### Exercise goal
Your task is to copy the data exactly while leaving out every picture.
━━━ Collected material
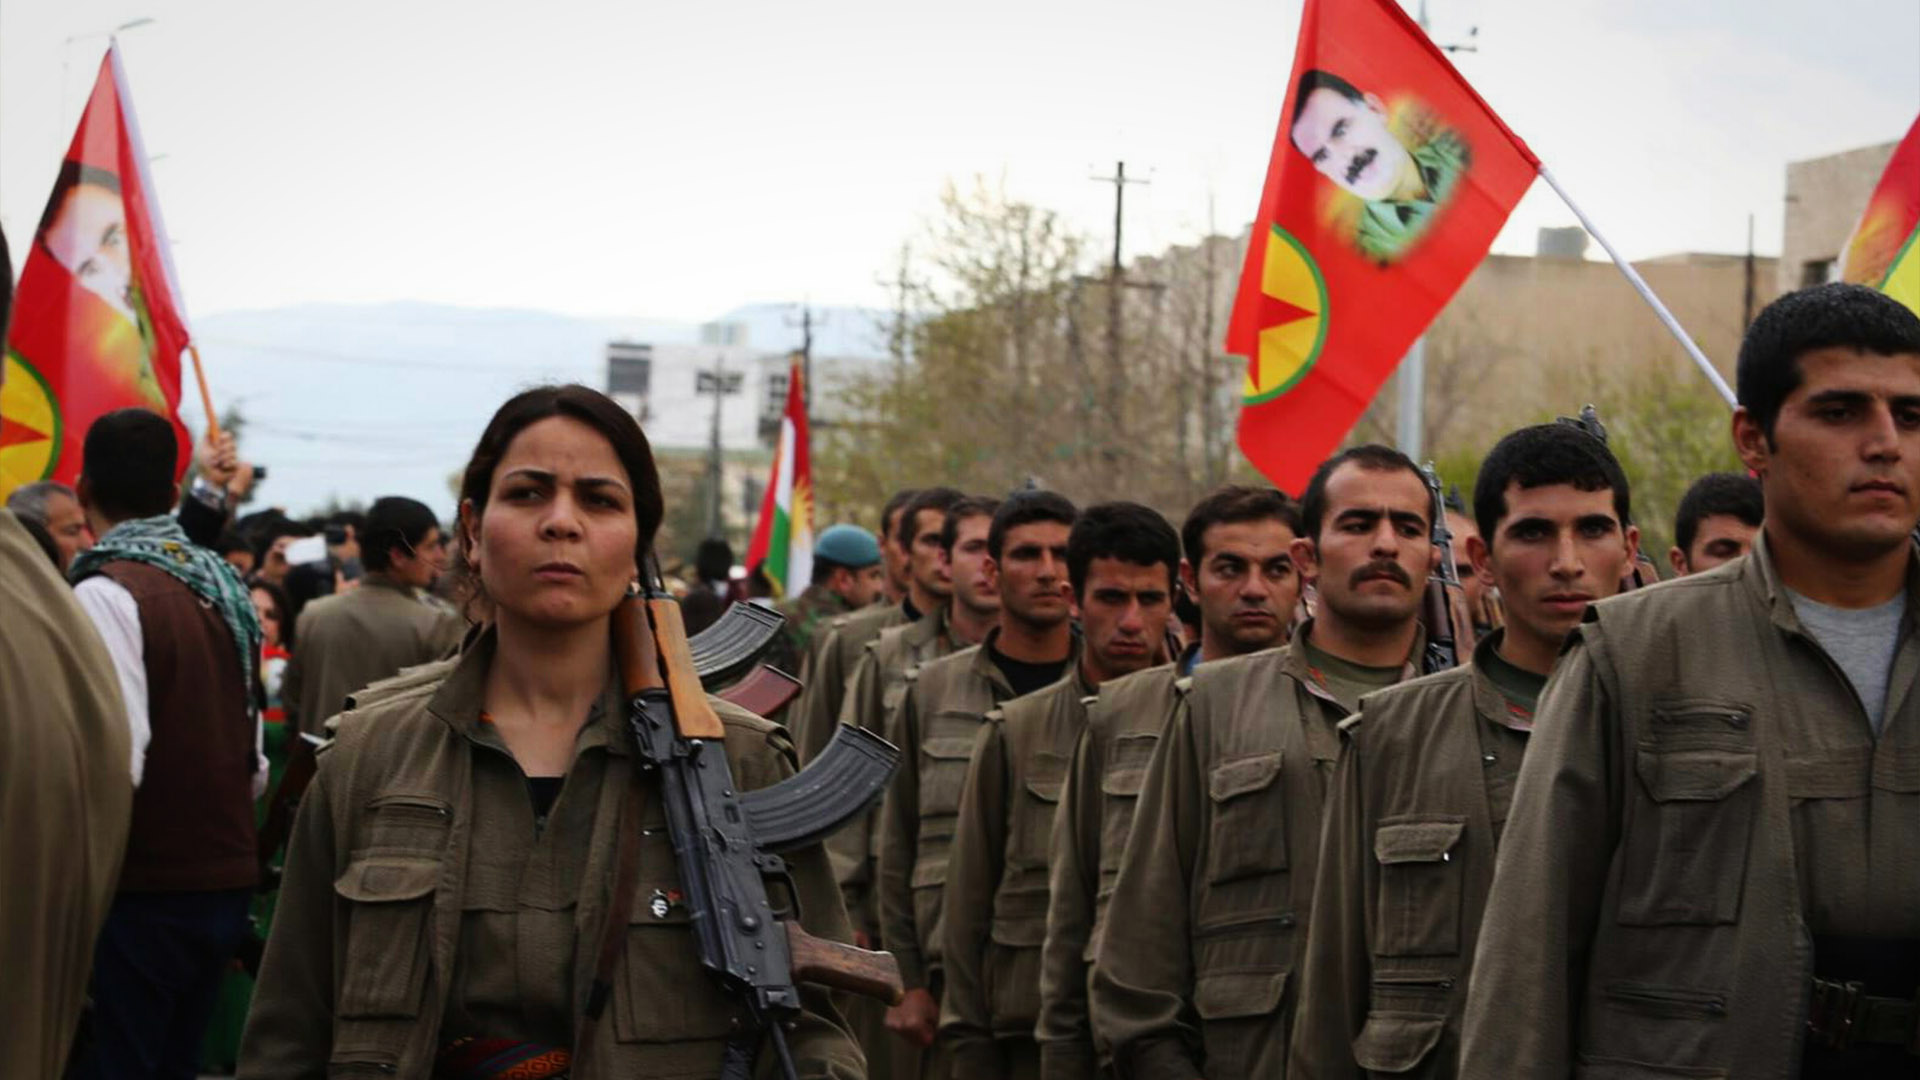 Ο κύβος ερρίφθη: Πρώτες ελεύθερες εκλογές στην βόρεια κουρδική Συρία – Το Κουρδιστάν γεννιέται
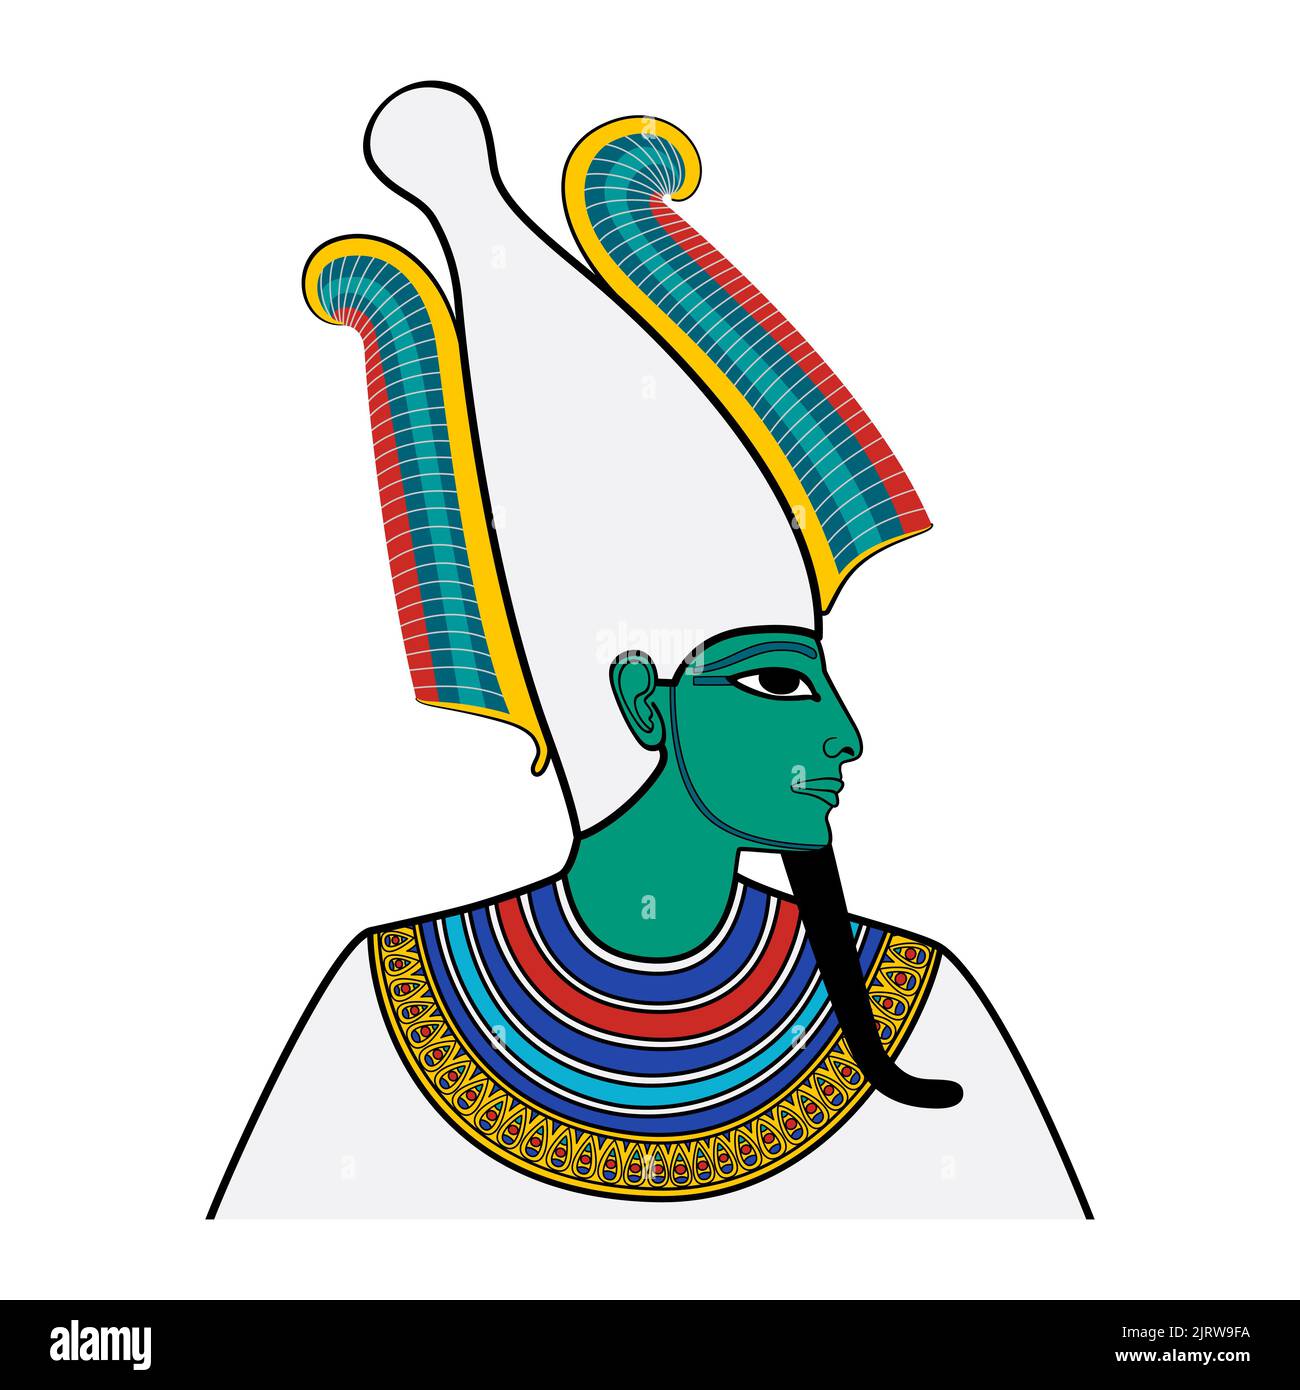 Osiris, portrait du dieu de l'après-vie, mort et résurrection dans l'Égypte ancienne. Elle est représentée avec une peau turquoise verdâtre, une barbe pharaonique et une couronne d'atef. Banque D'Images
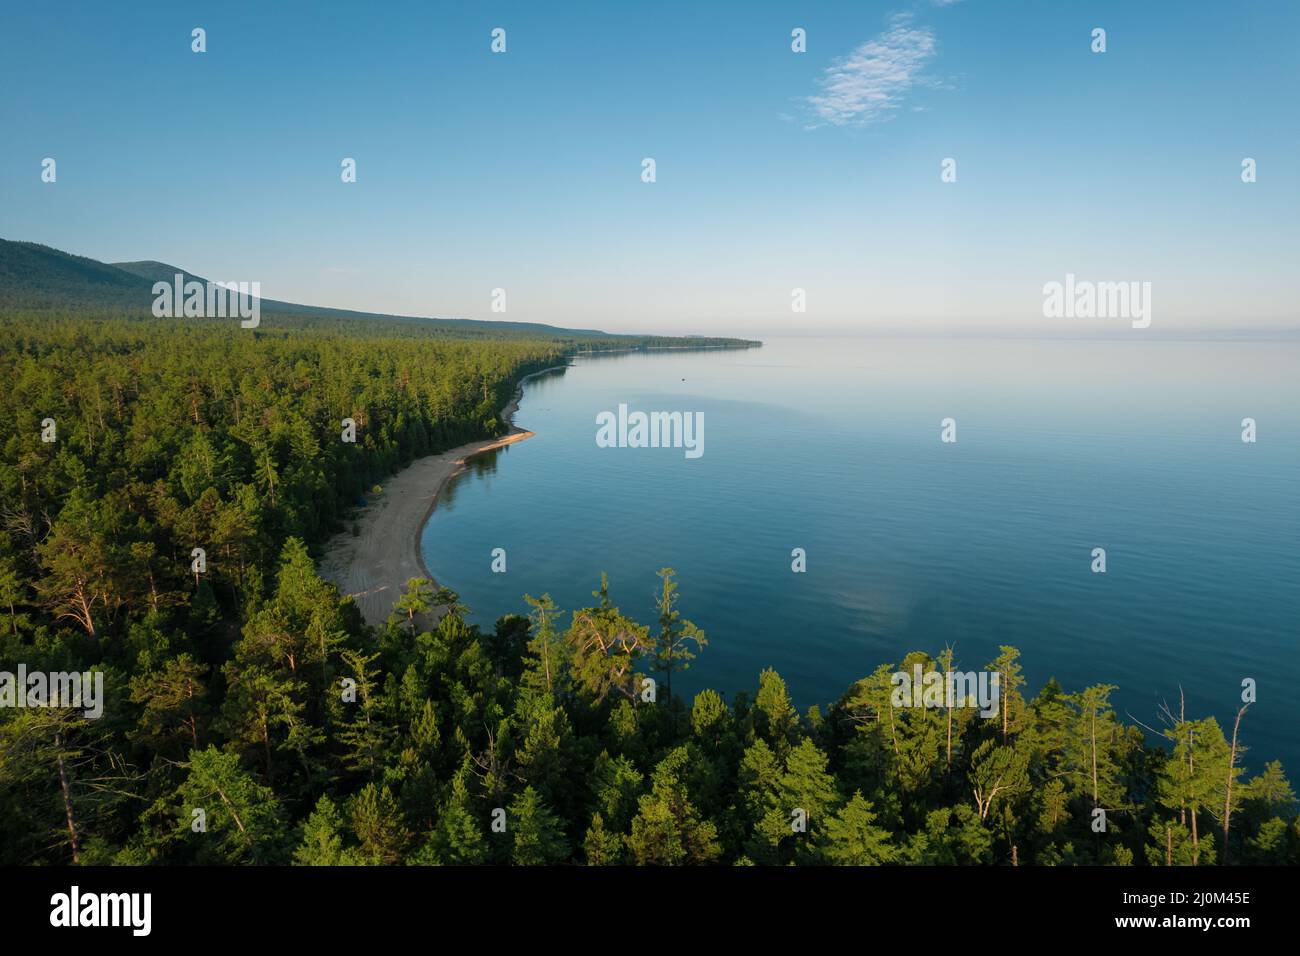 Die Sommerbilder des Baikalsees sind ein Riftsee im Süden Sibiriens, Russland. Baikalsee Sommer Landschaft Blick. Drohnen Stockfoto
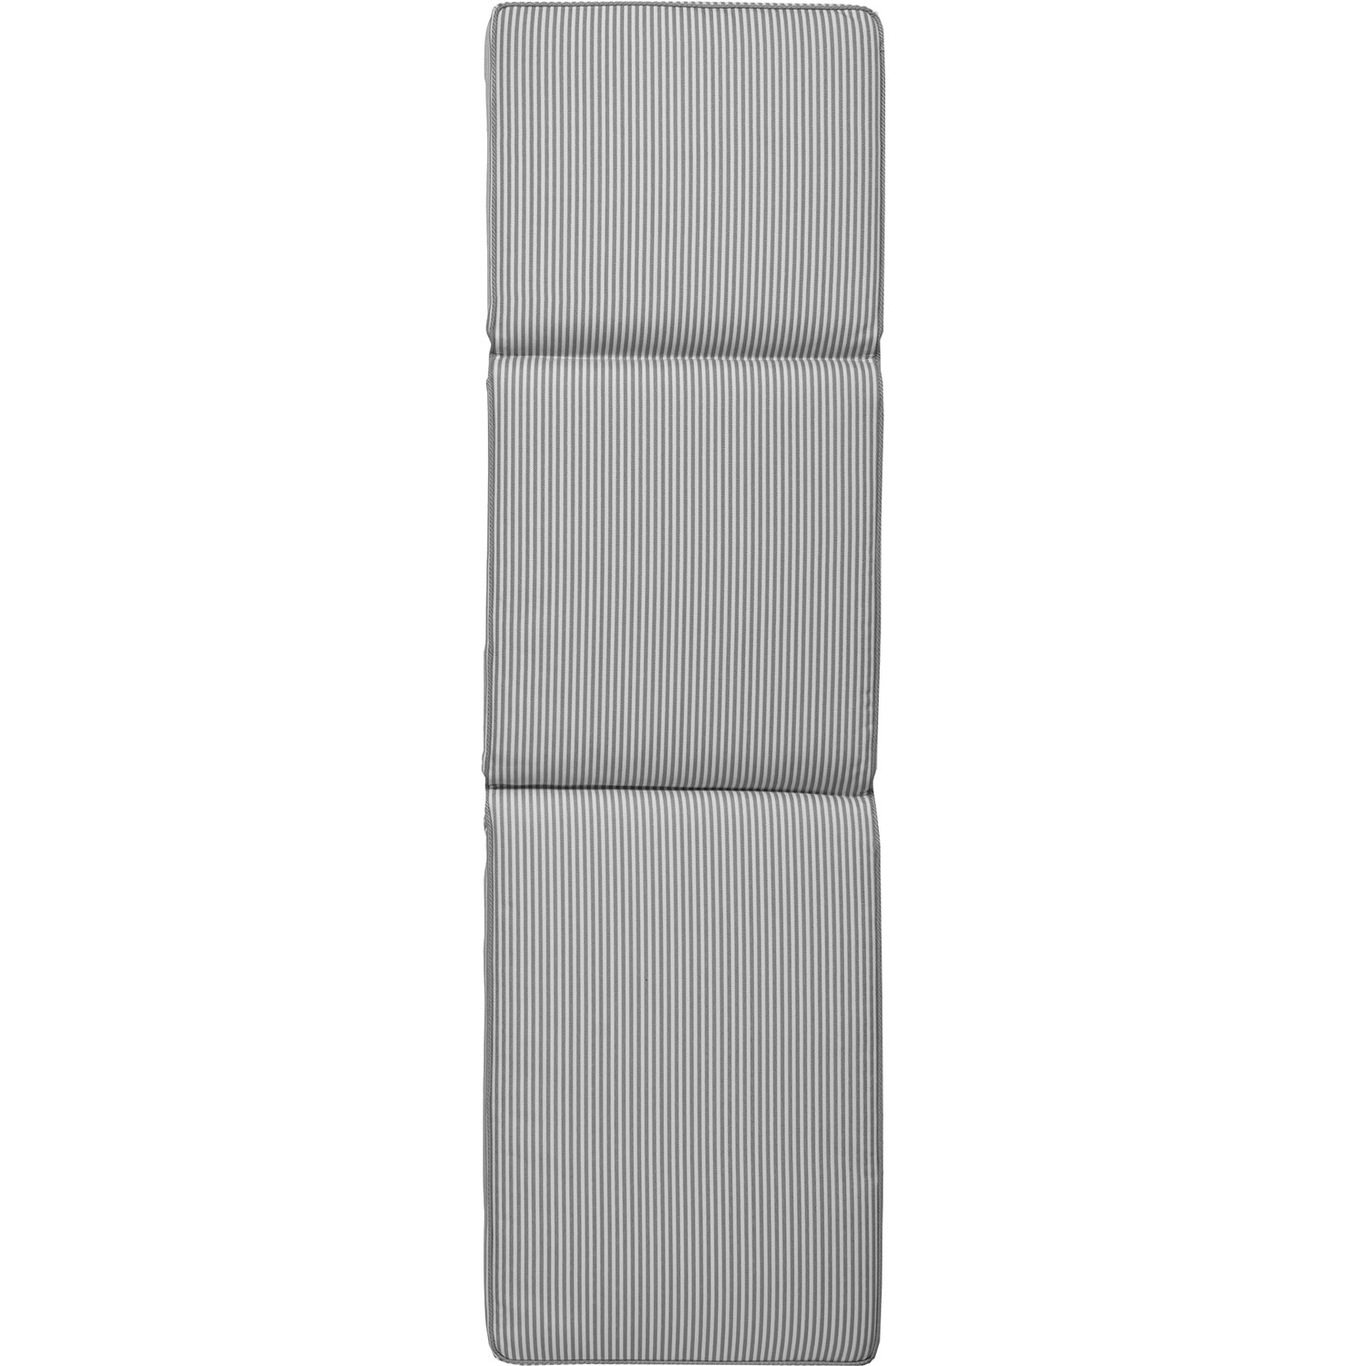 Narrow Stripe Sunbed Cushion 50x186 cm, Grey
━━━━━━
### Result of the exercise
 Ο κύβος ερρίφθη: Πρώτες ελεύθερες εκλογές στην βόρεια κουρδική Συρία – Το Κουρδιστάν γεννιέται
 Osiris, portrait du dieu de l'après-vie, mort et résurrection dans l'Égypte ancienne. Elle est représentée avec une peau turquoise verdâtre, une barbe pharaonique et une couronne d'atef. Banque D'Images
 Die Sommerbilder des Baikalsees sind ein Riftsee im Süden Sibiriens, Russland. Baikalsee Sommer Landschaft Blick. Drohnen Stockfoto
 Narrow Stripe Sunbed Cushion 50x186 cm, Grey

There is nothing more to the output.